Would you repeat every entry below word for word but drop the images?

Recorded data:
● ● ● ● ● ● ●

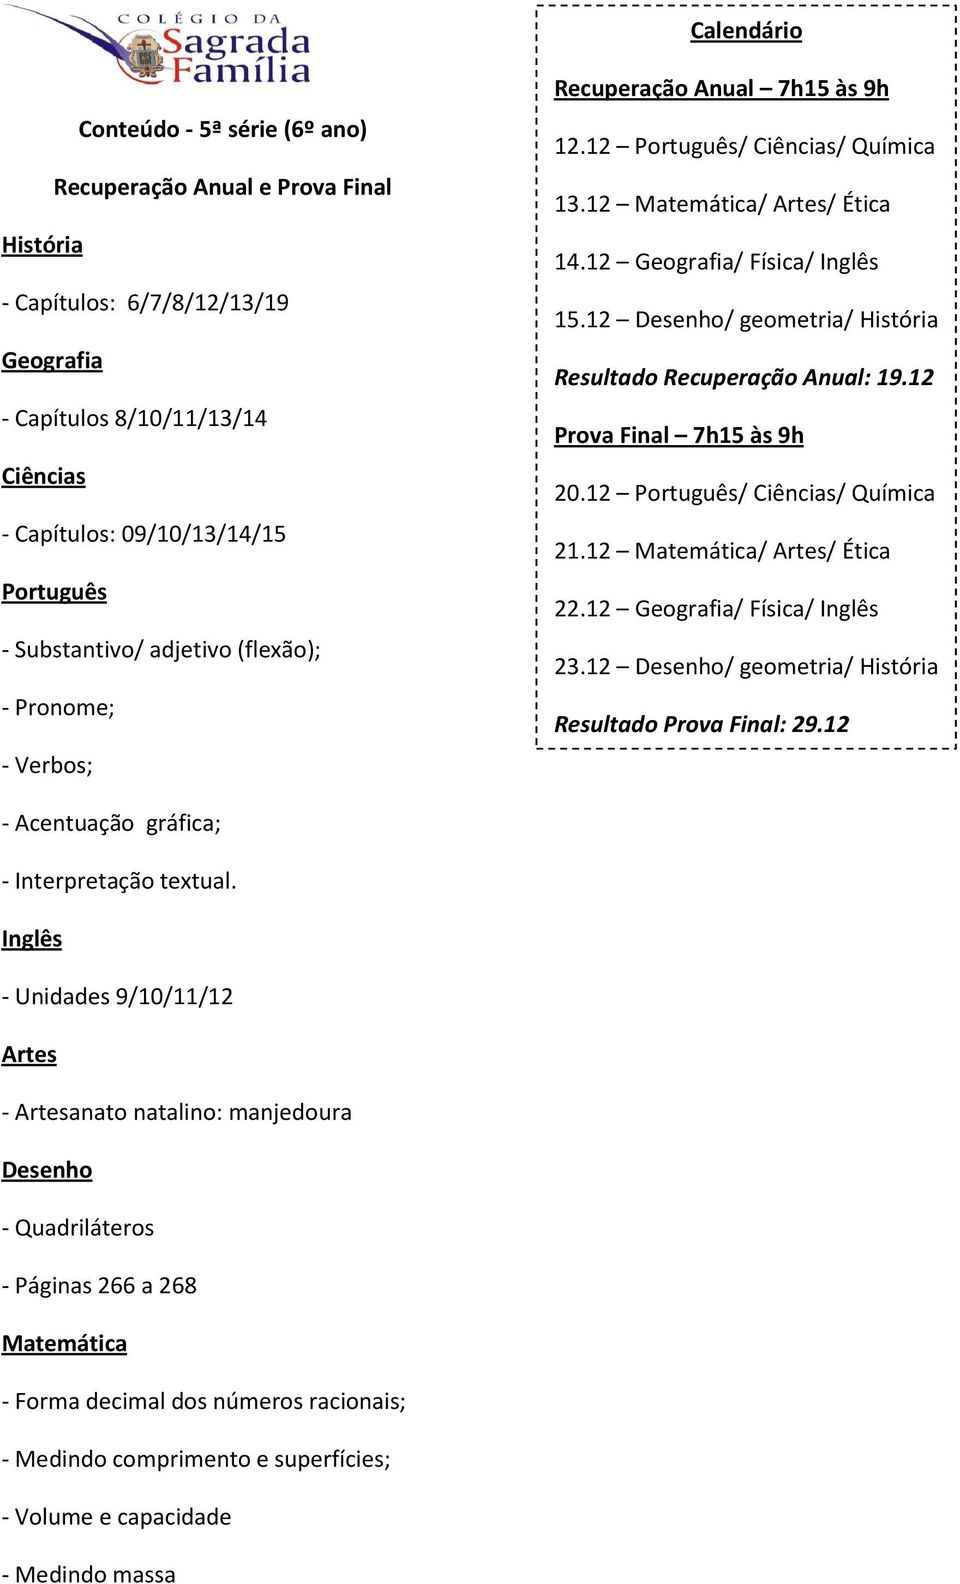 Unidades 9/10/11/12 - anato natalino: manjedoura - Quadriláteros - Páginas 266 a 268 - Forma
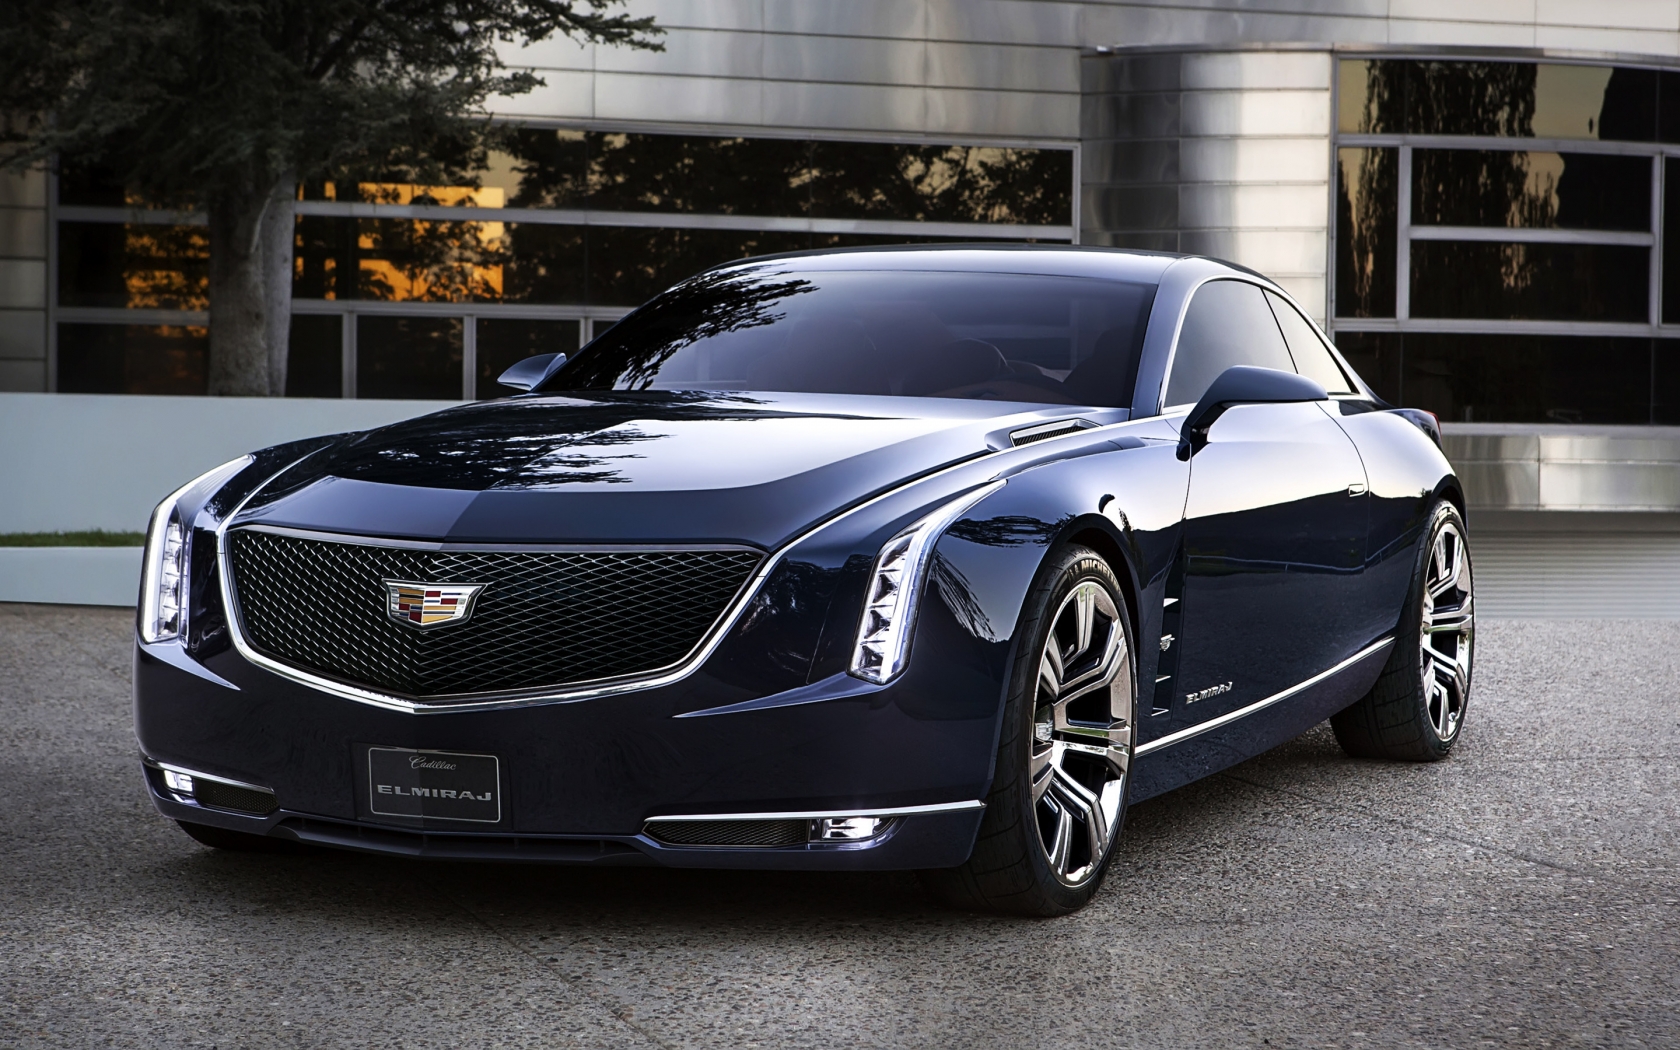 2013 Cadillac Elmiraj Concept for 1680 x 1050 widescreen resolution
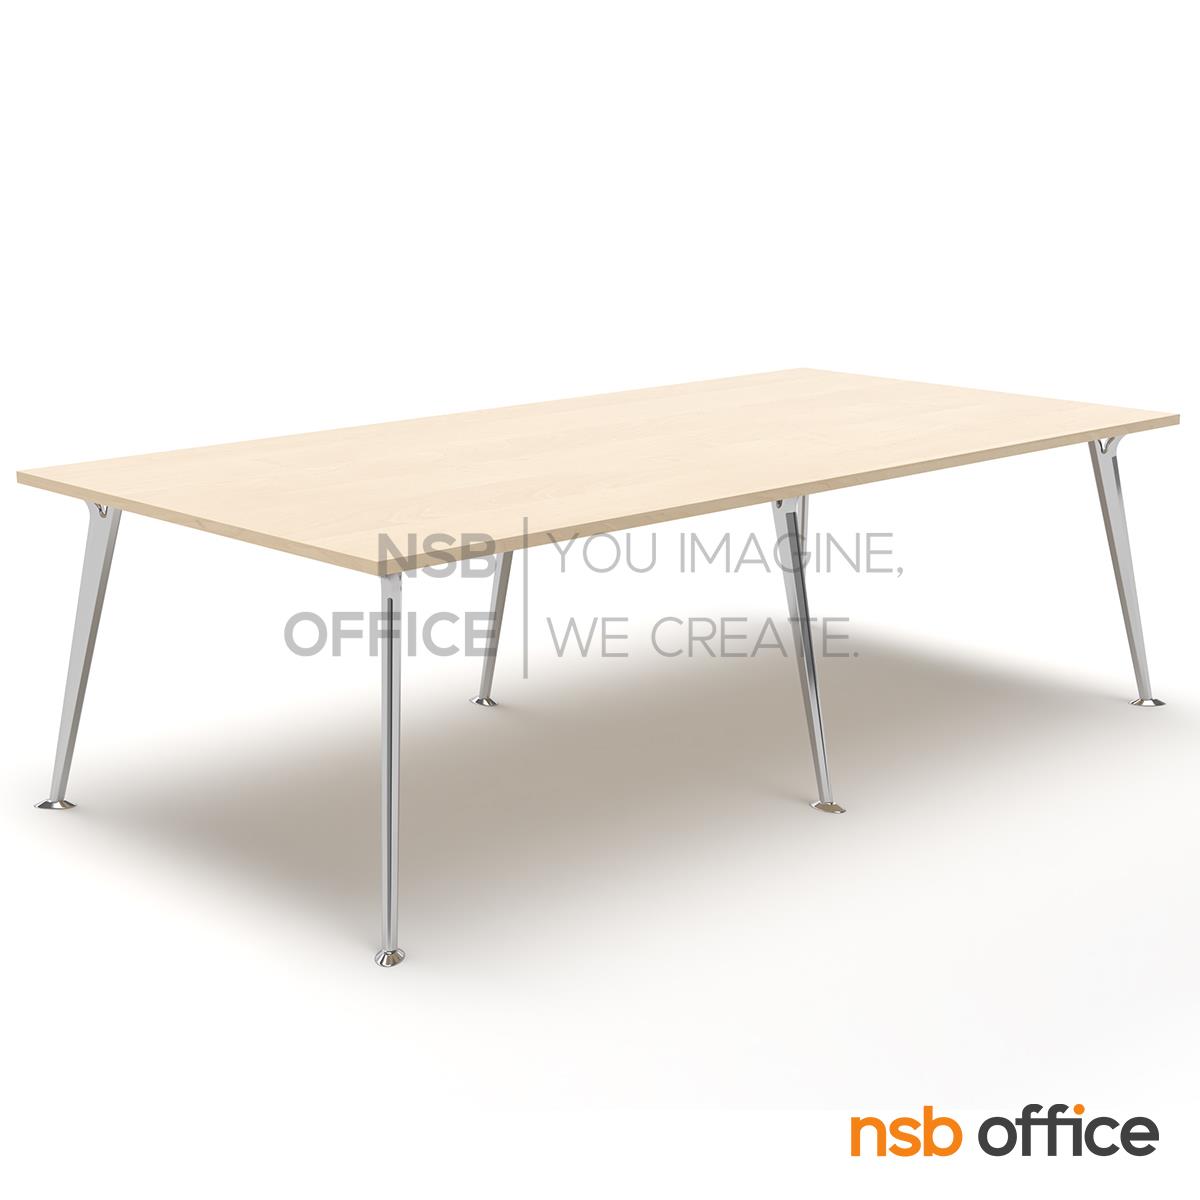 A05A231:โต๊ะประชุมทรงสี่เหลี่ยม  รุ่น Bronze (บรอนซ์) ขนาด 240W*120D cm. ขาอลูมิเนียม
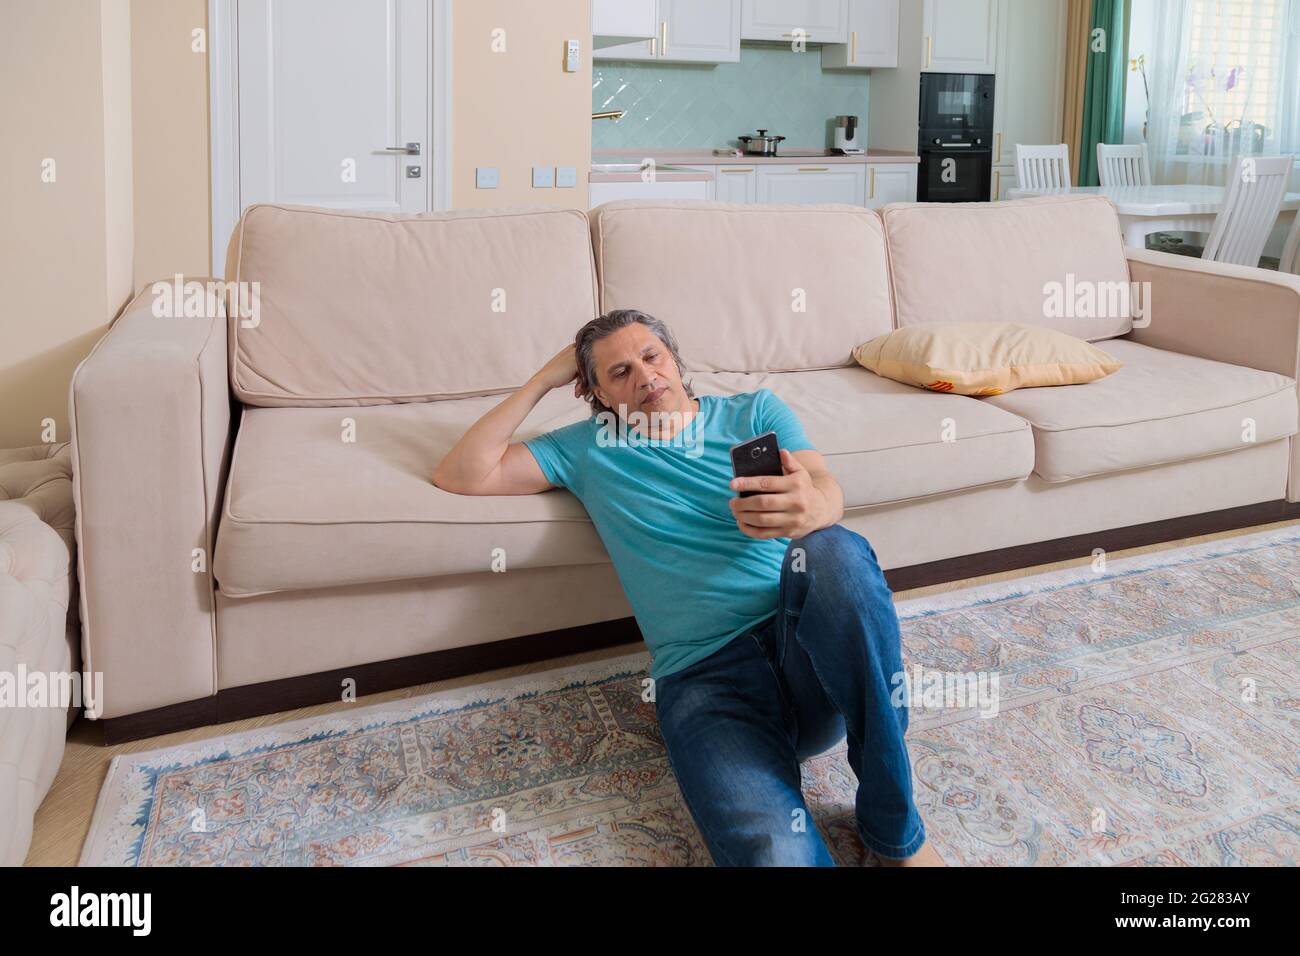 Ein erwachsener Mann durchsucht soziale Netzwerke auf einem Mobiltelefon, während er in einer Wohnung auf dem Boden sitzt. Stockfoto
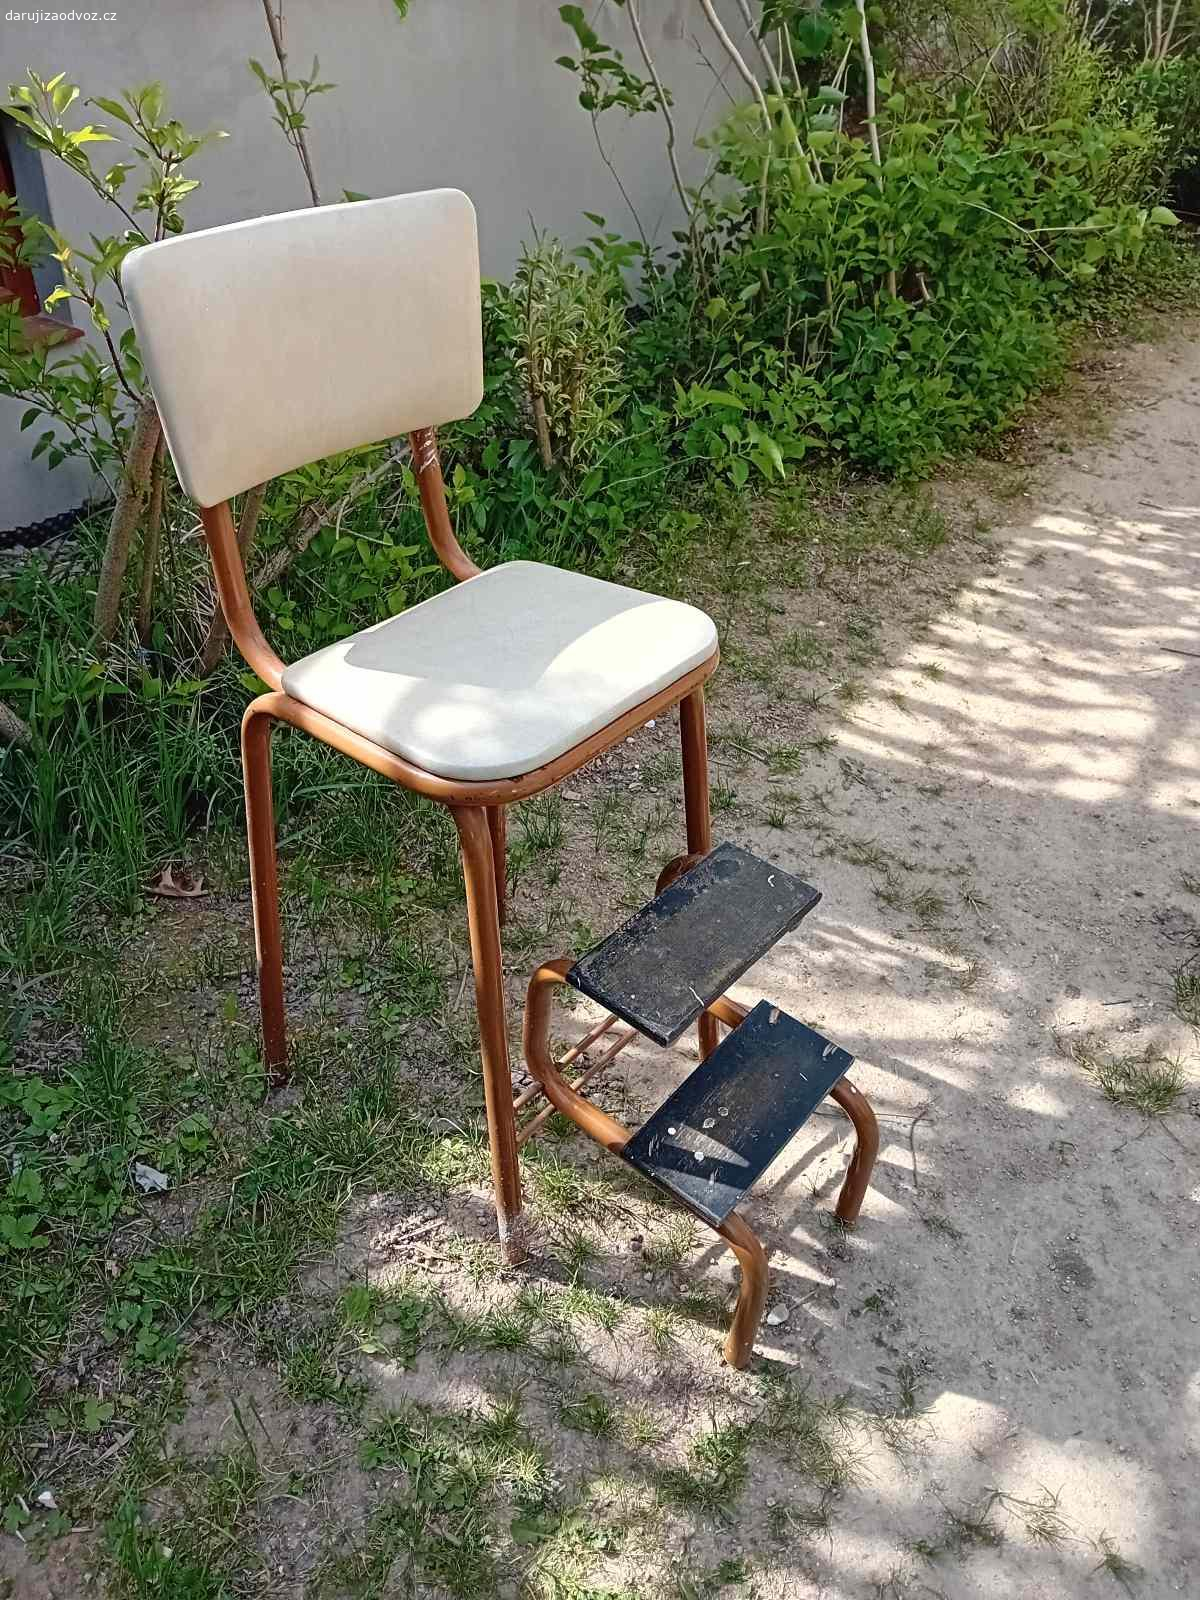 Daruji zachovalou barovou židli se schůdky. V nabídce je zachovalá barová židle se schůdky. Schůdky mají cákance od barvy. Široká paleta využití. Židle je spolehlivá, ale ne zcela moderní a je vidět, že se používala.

● ● ● ● ● ● ●

Answer box:
 Unidades 9/10/11/12 - anato natalino: manjedoura - Quadriláteros - Páginas 266 a 268 - Forma
 2013 Cadillac Elmiraj Concept for 1680 x 1050 widescreen resolution
 A05A231:โต๊ะประชุมทรงสี่เหลี่ยม  รุ่น Bronze (บรอนซ์) ขนาด 240W*120D cm. ขาอลูมิเนียม
 Ein erwachsener Mann durchsucht soziale Netzwerke auf einem Mobiltelefon, während er in einer Wohnung auf dem Boden sitzt. Stockfoto
 Daruji zachovalou barovou židli se schůdky. V nabídce je zachovalá barová židle se schůdky. Schůdky mají cákance od barvy. Široká paleta využití. Židle je spolehlivá, ale ne zcela moderní a je vidět, že se používala.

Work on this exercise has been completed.